What you will do:
I would like the lines below, from the one with "فستان بأطراف غير متماثلة الطول" through the one with "Chokoladekage med pistacie - nem og lækker!", copied exactly and without any pictures.

Supplied records:

◇ ◇ ◇ ◇ ◇

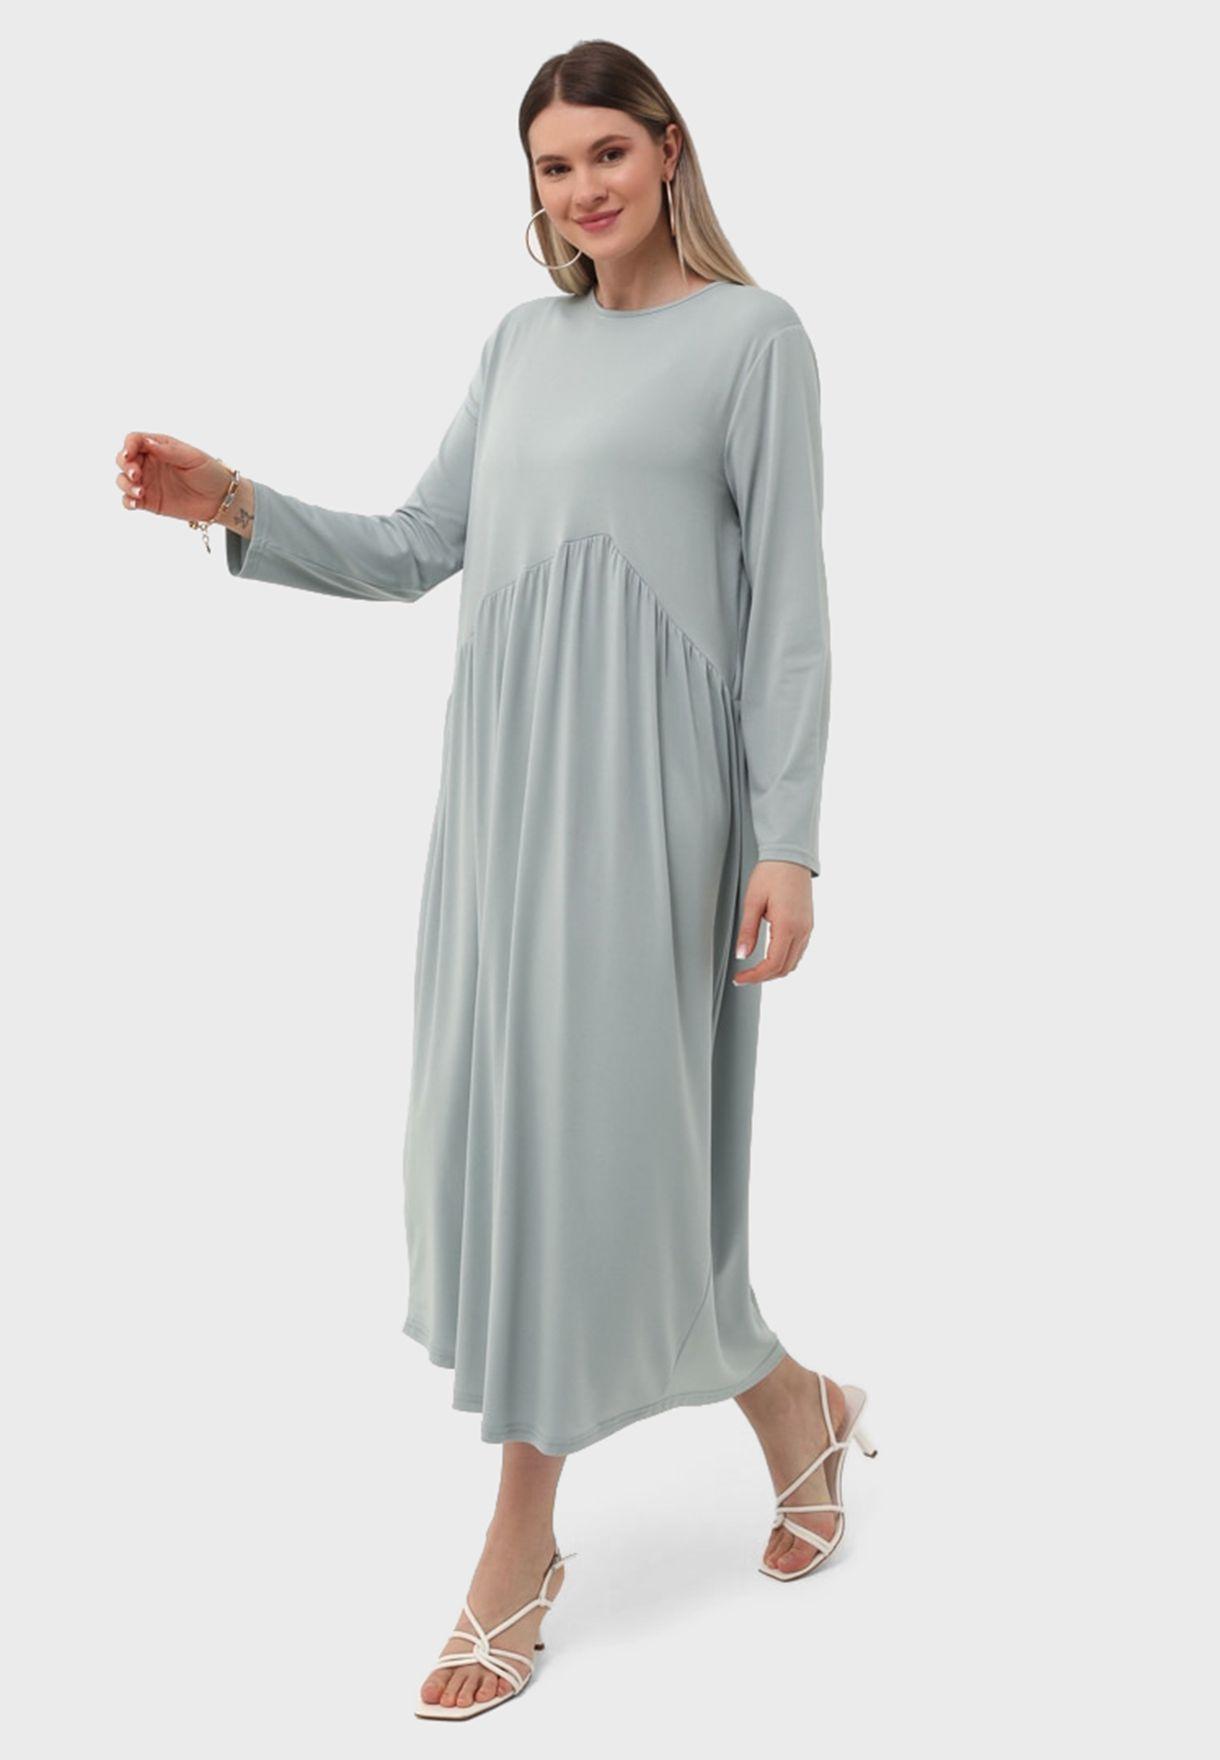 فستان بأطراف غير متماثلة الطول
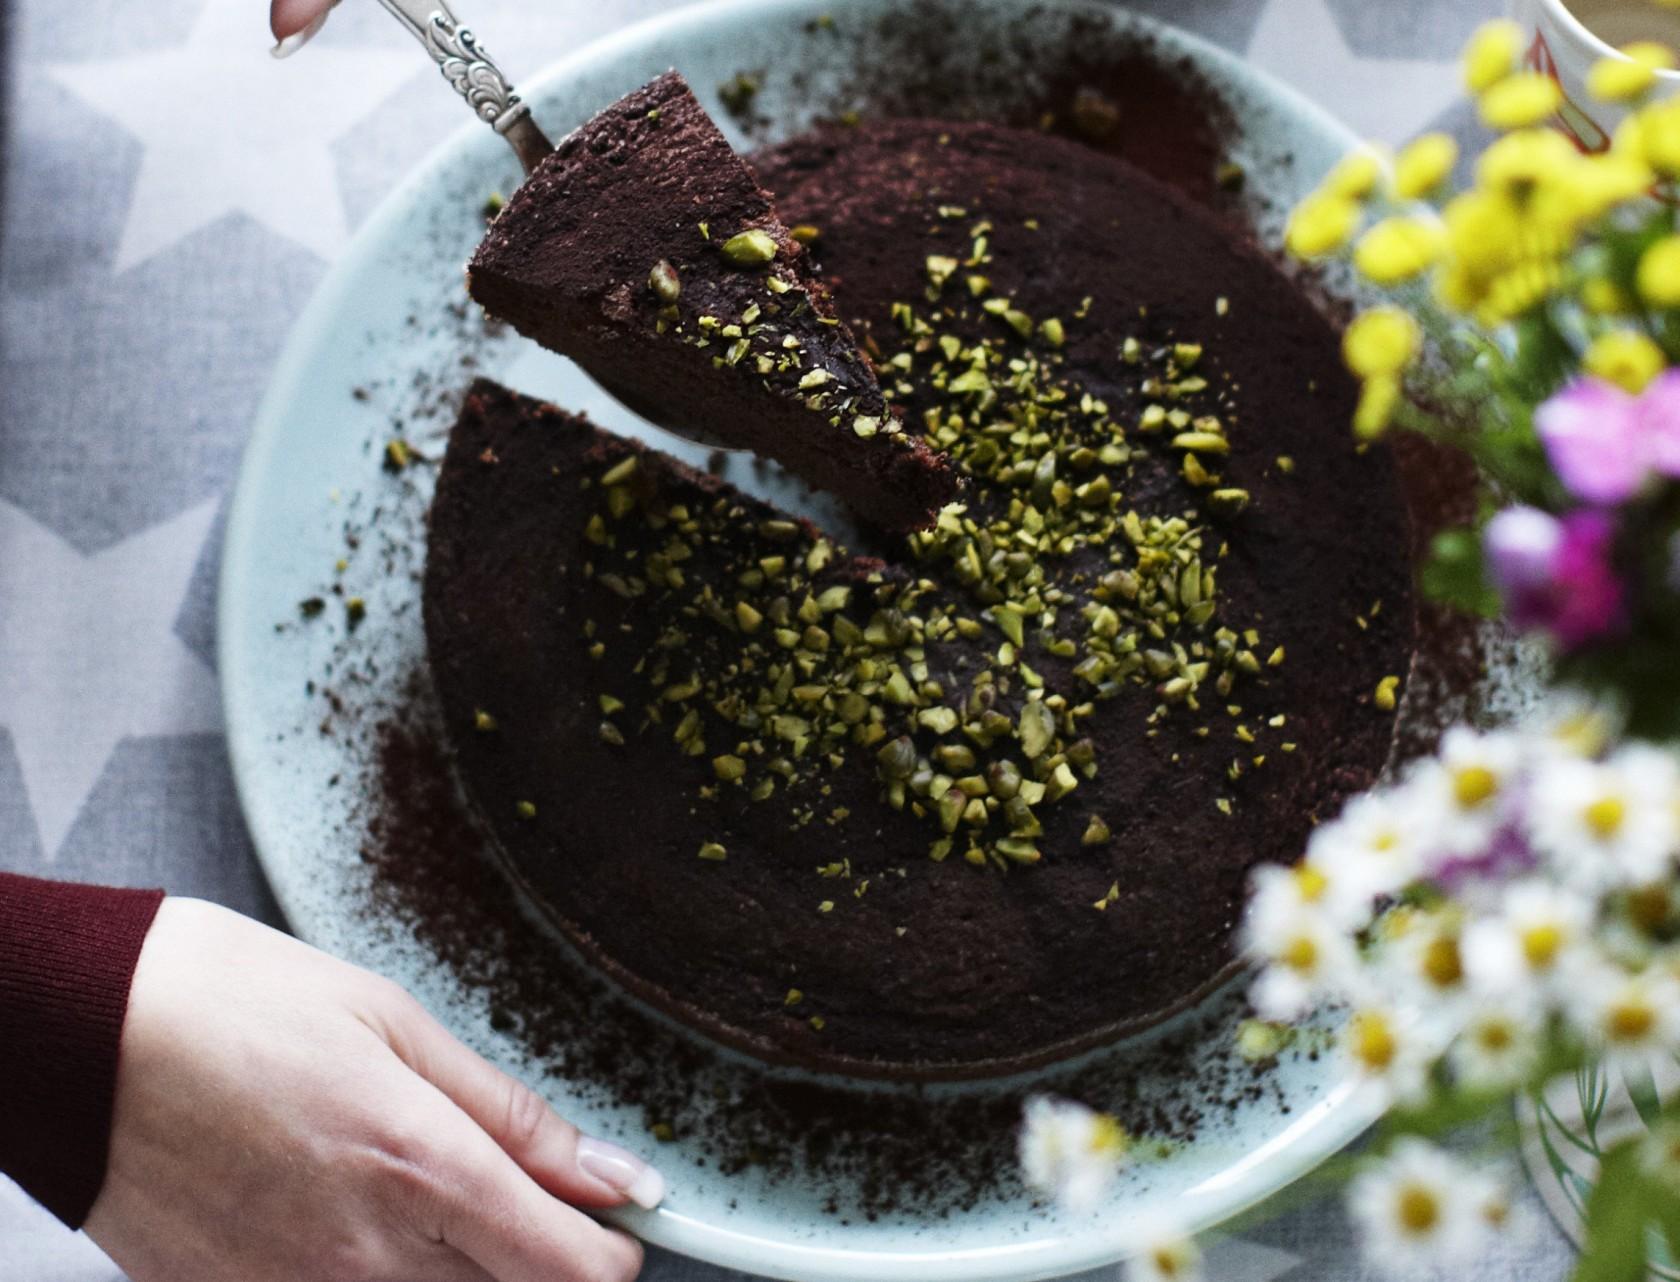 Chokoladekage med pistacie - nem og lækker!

◇ ◇ ◇ ◇ ◇

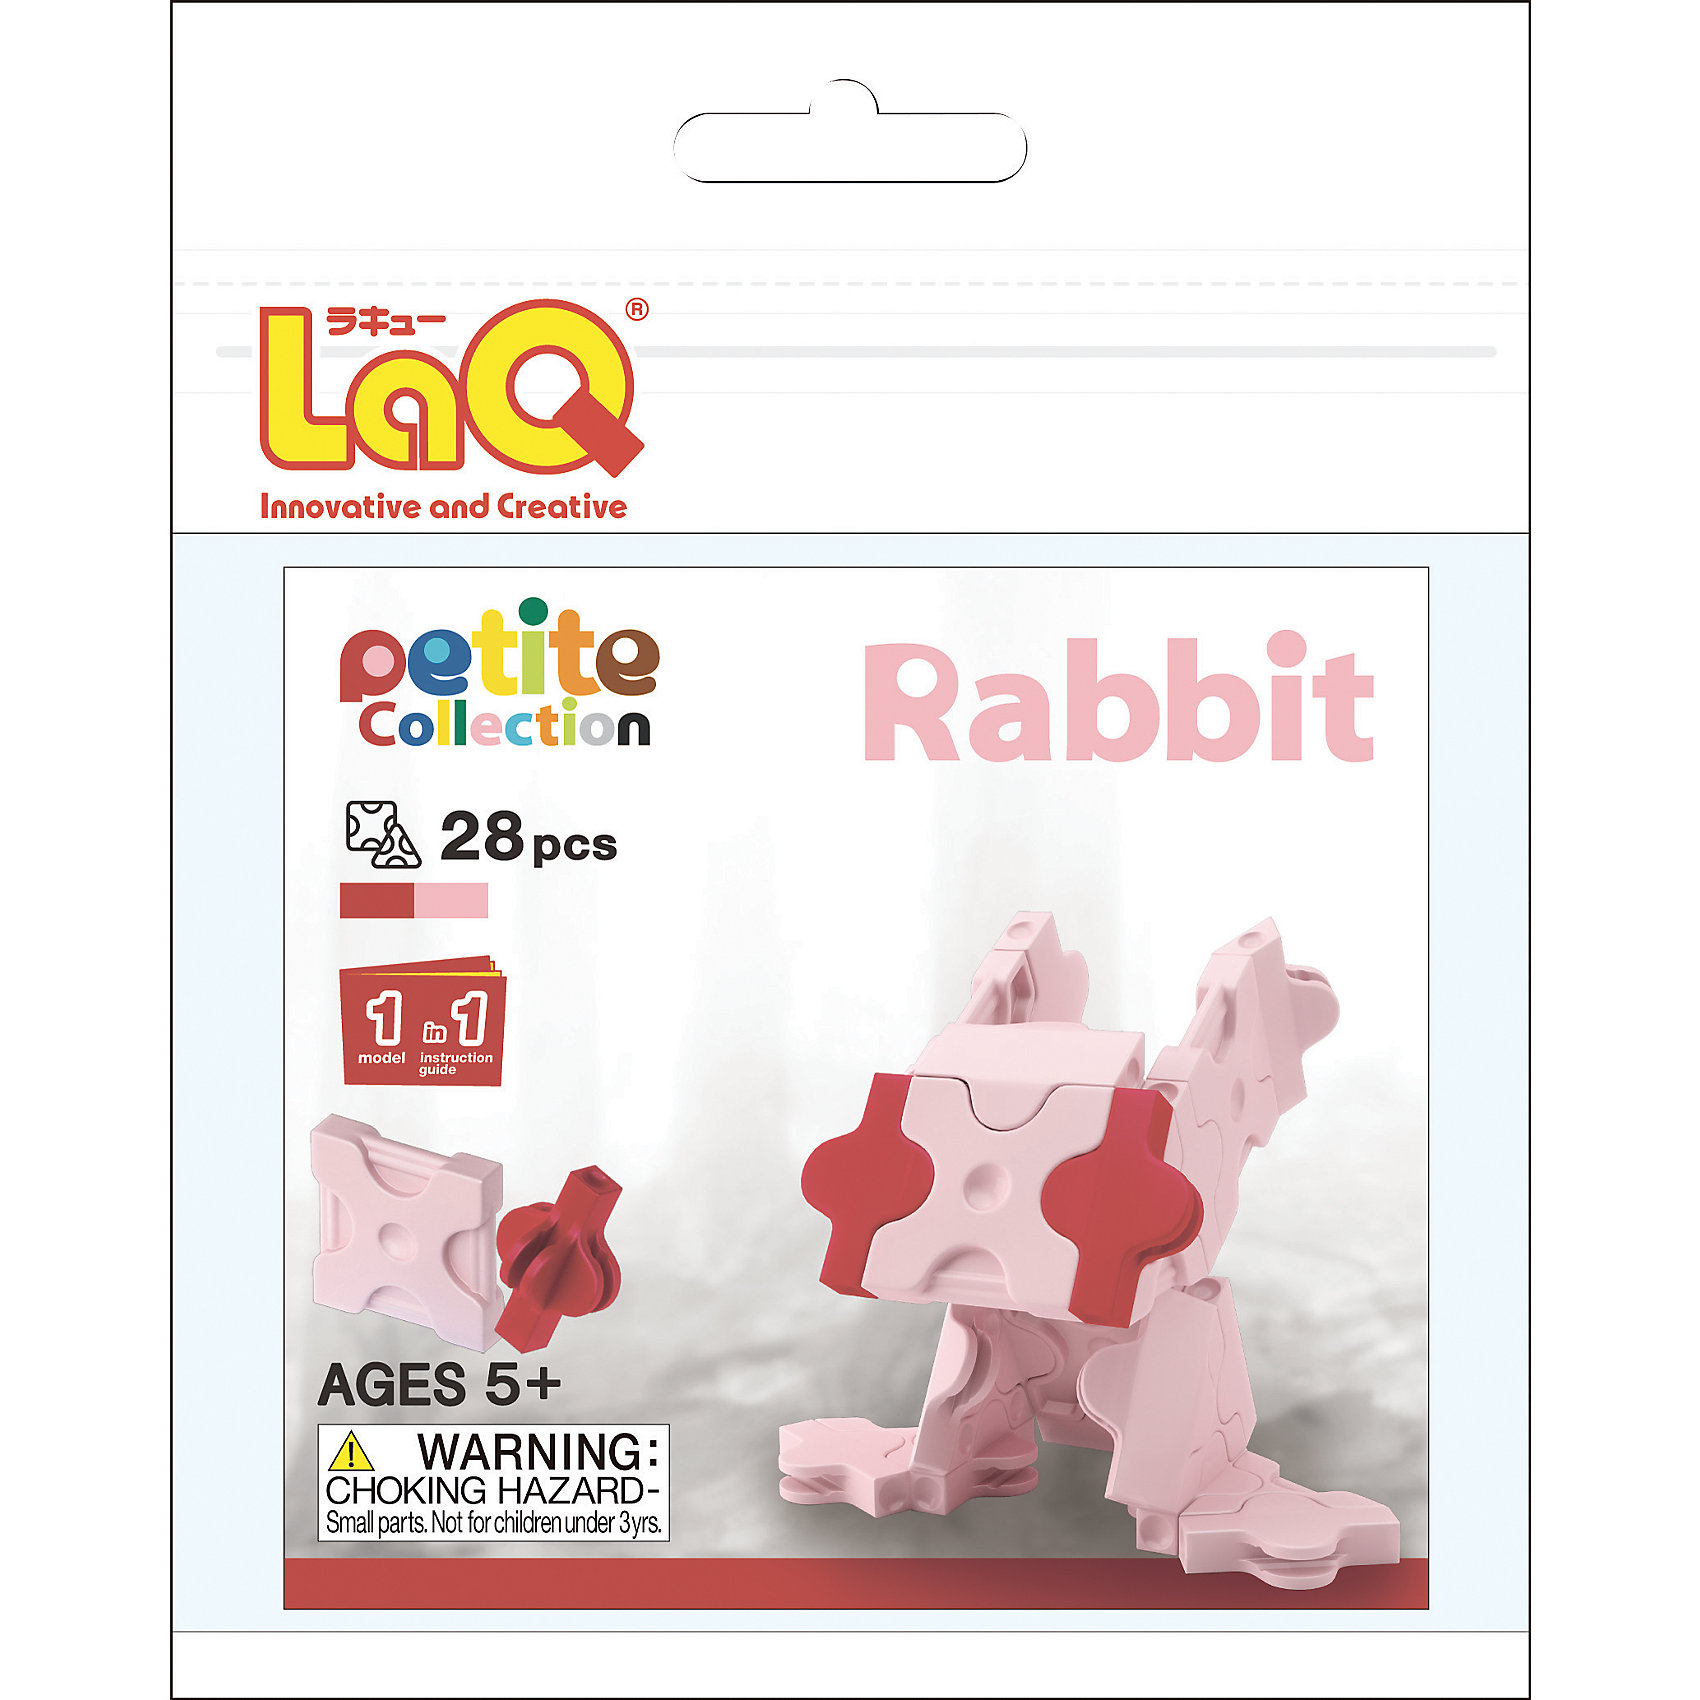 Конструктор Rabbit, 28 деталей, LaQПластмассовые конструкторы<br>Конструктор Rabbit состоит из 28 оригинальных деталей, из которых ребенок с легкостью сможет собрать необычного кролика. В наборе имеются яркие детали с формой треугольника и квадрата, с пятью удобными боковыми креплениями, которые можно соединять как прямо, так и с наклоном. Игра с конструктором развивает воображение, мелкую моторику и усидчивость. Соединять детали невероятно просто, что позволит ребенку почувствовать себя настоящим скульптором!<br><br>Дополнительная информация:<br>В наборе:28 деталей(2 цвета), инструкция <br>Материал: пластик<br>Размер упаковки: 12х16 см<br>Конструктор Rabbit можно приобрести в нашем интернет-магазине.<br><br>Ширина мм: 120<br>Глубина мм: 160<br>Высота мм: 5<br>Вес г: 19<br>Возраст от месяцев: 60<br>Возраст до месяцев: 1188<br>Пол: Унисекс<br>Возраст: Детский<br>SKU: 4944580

◇ ◇ ◇ ◇ ◇

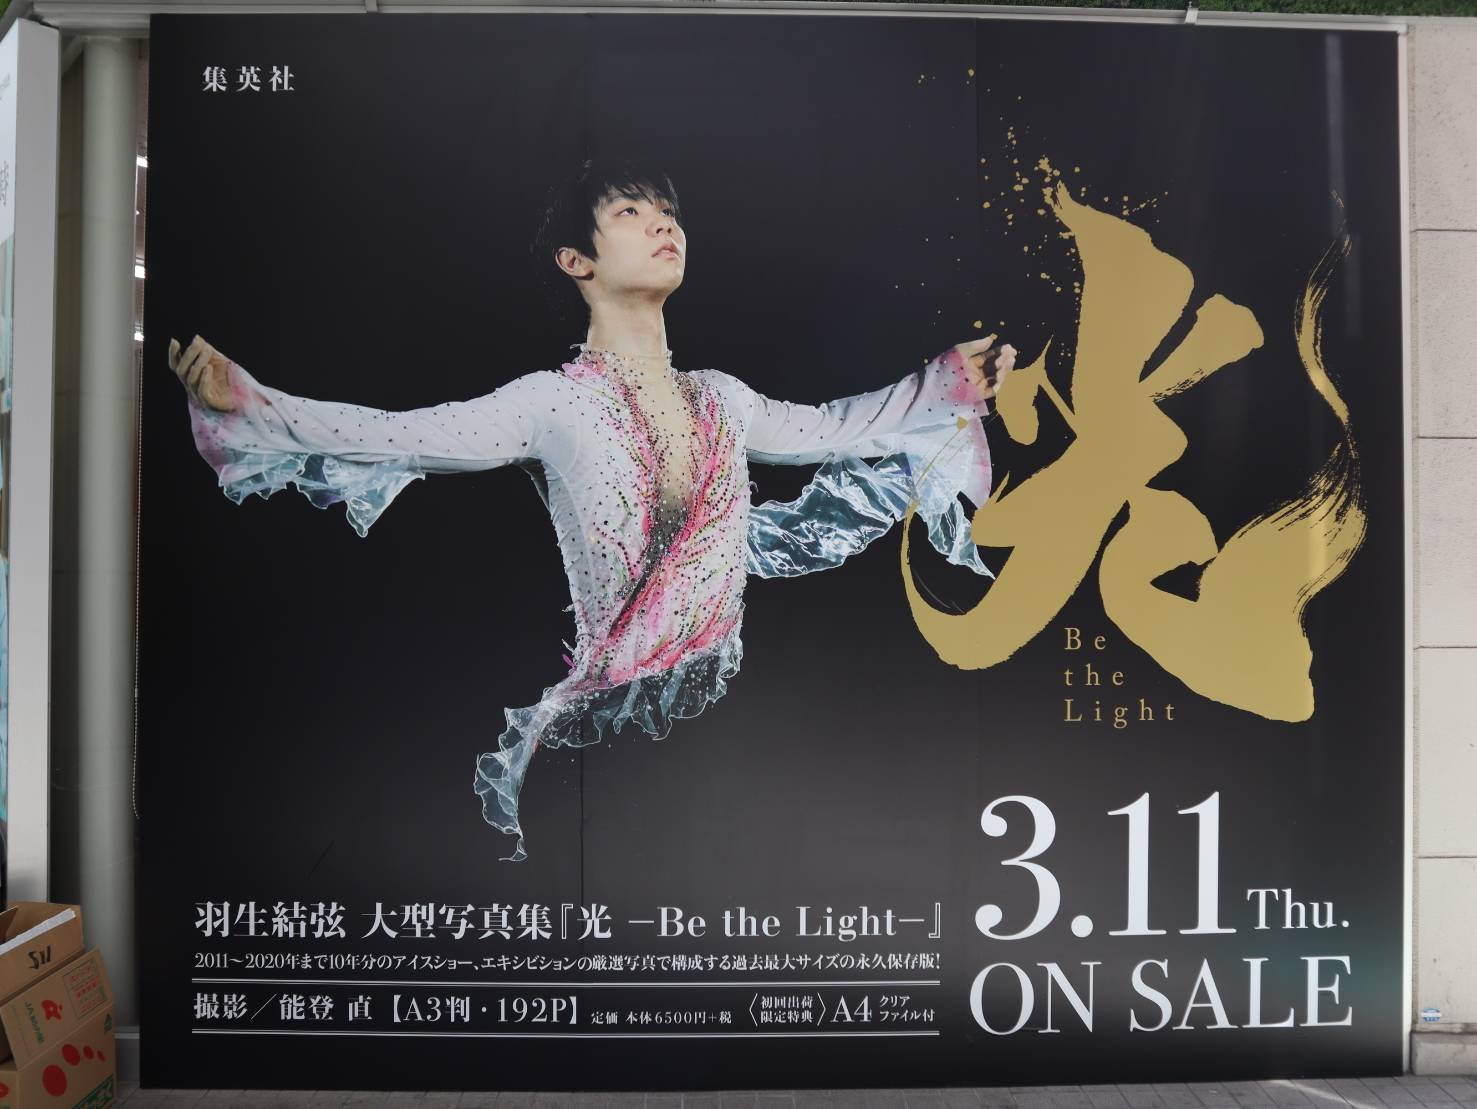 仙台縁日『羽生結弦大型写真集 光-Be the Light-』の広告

◇ ◇ ◇ ◇ ◇

Reply to the exercise:
 فستان بأطراف غير متماثلة الطول
 Chokoladekage med pistacie - nem og lækker!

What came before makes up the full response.